OBJECTIVE: The optimization of long-term outcomes is an important goal in the treatment of major depressive disorder. Offering subsequent preventive cognitive therapy (PCT) to patients who responded to acute cognitive behavioral therapy (CBT) may reduce the risk of relapse/recurrence.
METHOD: Therefore, a multicenter randomized controlled trial was conducted comparing the addition of eight weekly sessions of PCT to care as usual (CAU) versus CAU alone in patients with a history of depression in remission following treatment with CBT. A total of 214 recurrently depressed patients who remitted following treatment with CBT were randomized to PCT (n = 107) or CAU (n = 107). Primary outcome was time to relapse/recurrence over 15 months and was assessed by the Structured Clinical Interview for DSM-IV Axis I Disorders (SCID-I). Secondary outcomes were depressive symptoms measured by the Inventory of Depressive Symptomatology-Self Report and number and severity of relapses/recurrences measured by the SCID-I.

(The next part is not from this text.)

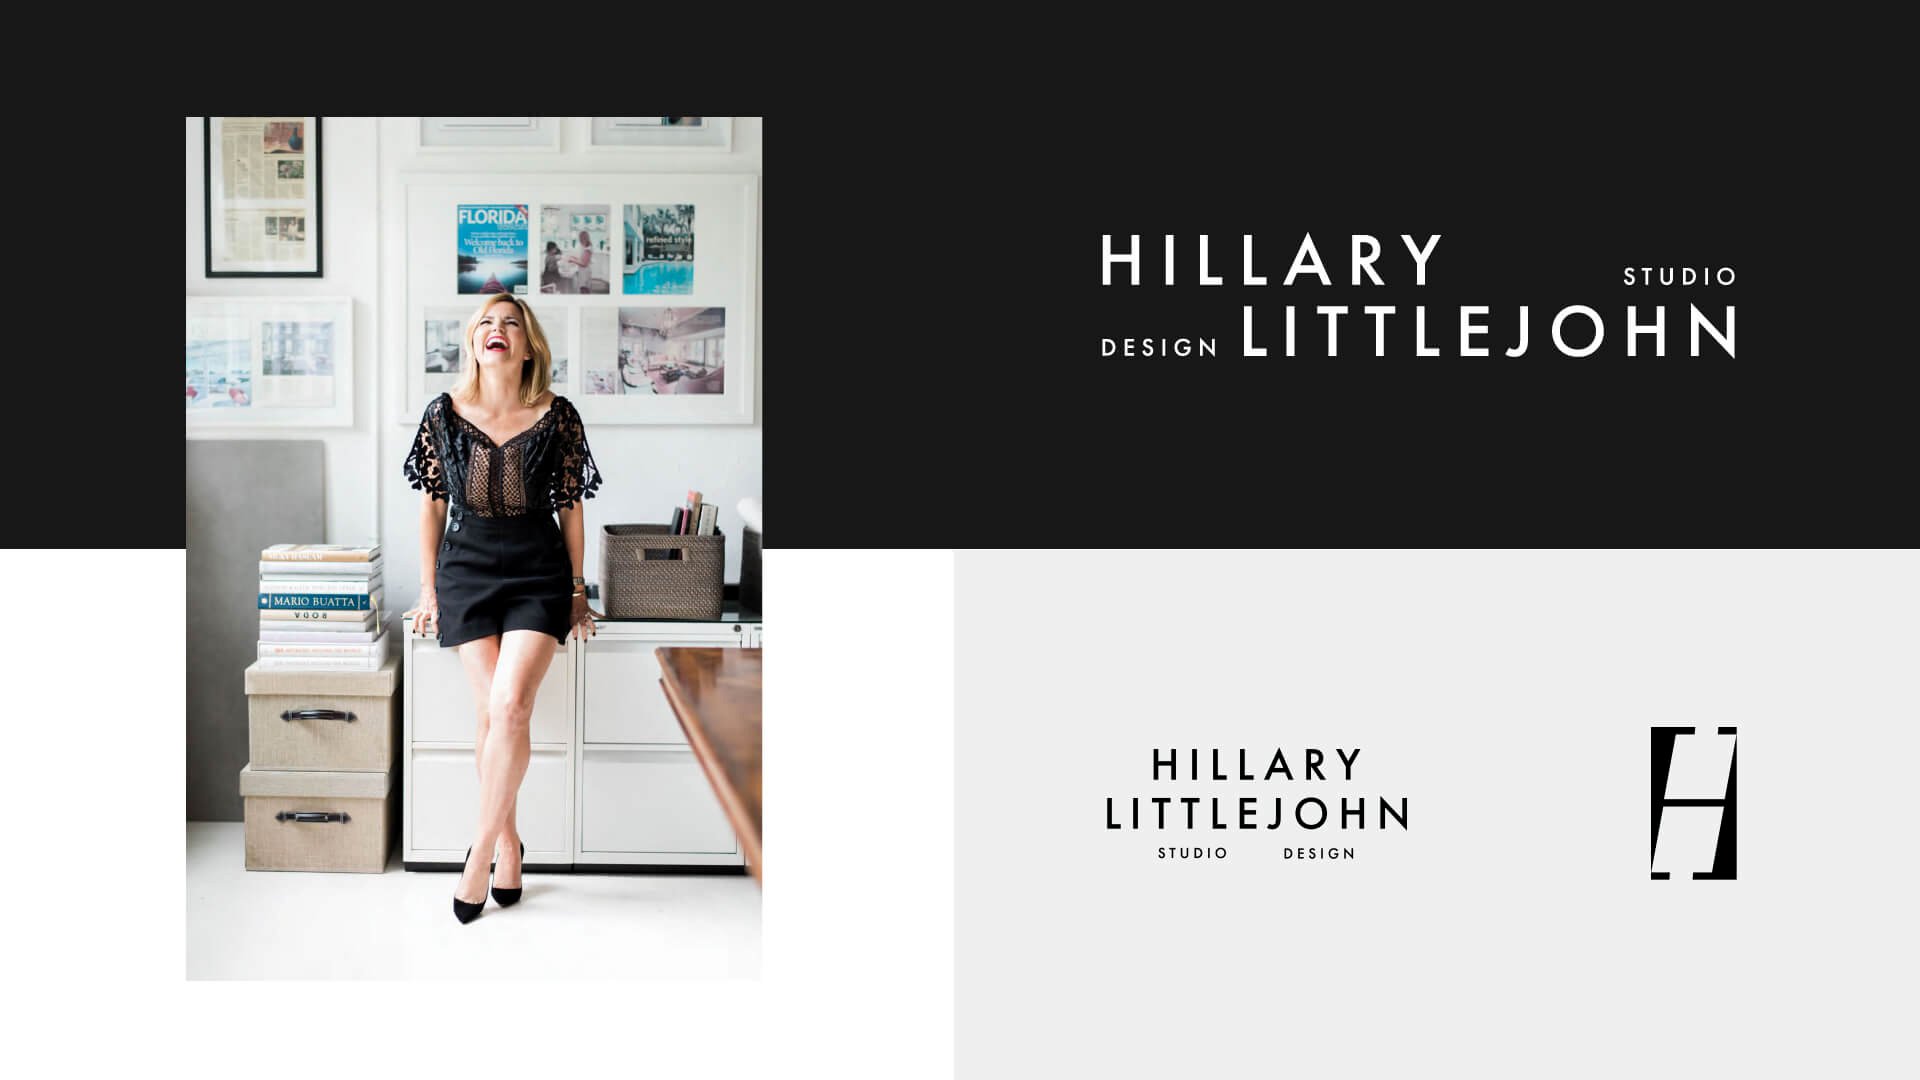 Hillary Littlejohn Studio Design logo variations. Horizontal, Stacked, and Symbol.

RESULTS: Over the 15-month follow-up, the addition of PCT significantly delayed time to relapse/recurrence relative to CAU alone, hazard ratio = 1.807 (number needed to treat = 8.1), p = .02, 95% CI [1.029, 3.174]. No significant differences were found between the conditions on number or severity of relapses/recurrences and residual symptoms.
CONCLUSION: Adding PCT was significantly more effective than CAU alone in delaying time to relapse/recurrence of depression over a period of 15 months among CBT responders. After response on CBT, therapists should consider providing PCT to recurrently depressed patients. (PsycINFO Database Record (c) 2019 APA, all rights reserved).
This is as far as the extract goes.